Su, along with 50 writers and novelists, participated the protests in May before the arrival of Soviet General Secretary Mikhail S. Gorbachev. Su voiced his support to the students and said, "The students should not be allowed to stand alone". On May 19, Su and other intellectuals signed a petition demanding democracy in China:
We, as intellectuals, in the name of our personal integrity and all our moral rectitude, with our body and mind, with all our dignity as individuals, solemnly swear never to retreat in the quest for democracy pioneered by the students with their blood and lives, never under any pretext to disengage ourselves because of cowardice, never to allow again the humiliations of the past, never to sell out our moral integrity, never to submit ourselves to dictatorship, never to pledge allegiance to the last emperors of the China of the 80's.

Despite Su's vocal support of the student movement, on May 13, he went to the square and attempted to persuade the students to withdraw from the hunger strike, as he suspected the hunger strike might escalate into a "bloodbath". His books were banned from sale and publication immediately after the crackdown, River Elegy was denounced officially by the Communist Party, proclaiming it was counter-revolutionary.

Exile

After the crackdown on June 4, the Chinese Communist Party accused Su Xiaokang as one of the "blackhands" behind the protest, subsequently charging him with the crime of "inciting counter-revolutionary propaganda"; his exile began in an effort to escape the arrest warrant.
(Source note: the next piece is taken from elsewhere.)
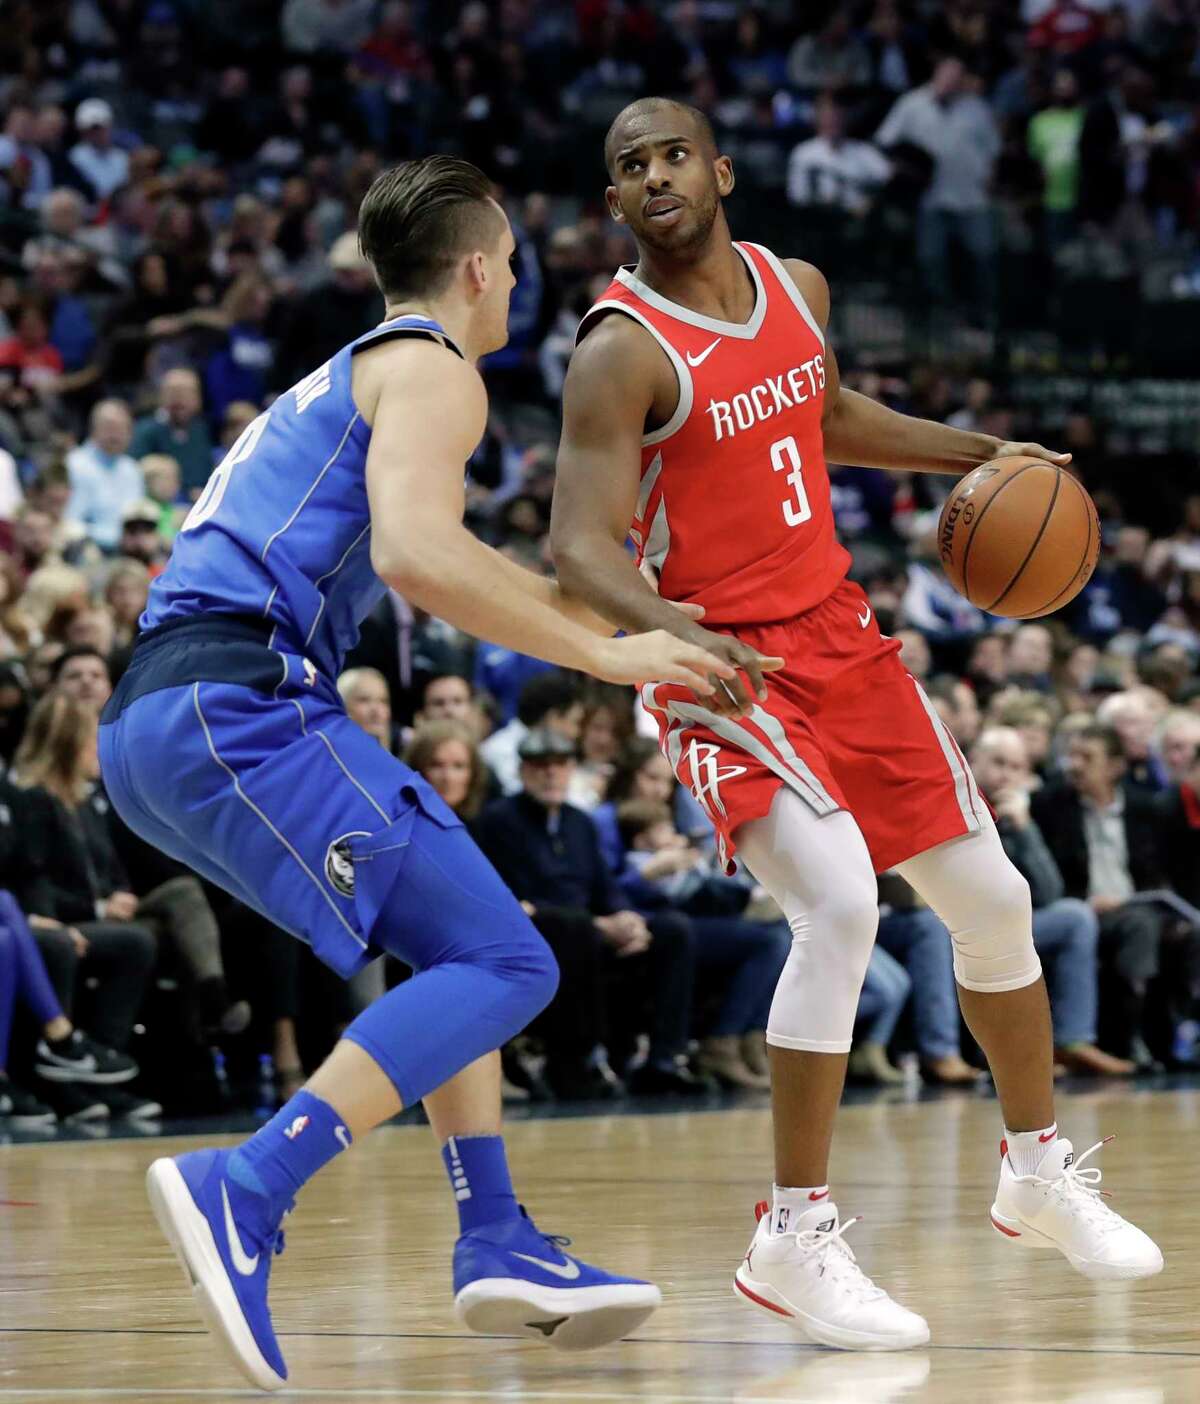 Dallas Mavericks guard Kyle Collinsworth (8) defends as Houston Rockets guard Chris Paul (3) handles the ball in the first half of an NBA basketball game Wednesday, Jan. 24, 2018, in Dallas. (AP Photo/Tony Gutierrez)

During the exile, Su had to hide in the mountains and remote villages for three months before Operation Yellowbird successfully smuggled him to Hong Kong. Su proceeded to France and later reunited with his wife and son in United States. Since begins exile, Su has actively participated in speeches and seminars to advocate for a democracy movement in China. He founded a web-based magazine called Democratic China to continue the pro-democracy movement.
Su wrote his memoir, titled A Memoir of Misfortune, published in 1997 in Chinese and in 2001 in English. The memoir documents the hardship he and his family endured after his exile and a tragic automobile accident in the Buffalo City that paralyzed his wife. After A Memoir of Misfortune, Su wrote another book, The Loneliness of Delaware Bay, telling of the struggles and the challenges he faced since moving to the United States. In 2013, Su published The Era of Slaying the Dragon, tackling subjects from Mao's Great Leap Forward and other atrocities occurring under the Chinese Communist Party's rule.
In 2003, Su returned to China for his father's funeral under three conditions imposed by the Chinese government:
Su's story was also featured in the Home coming campaign, funded and founded by Chu Yiu Ming, with a goal to restore the exiled democracy activists' right to return to China.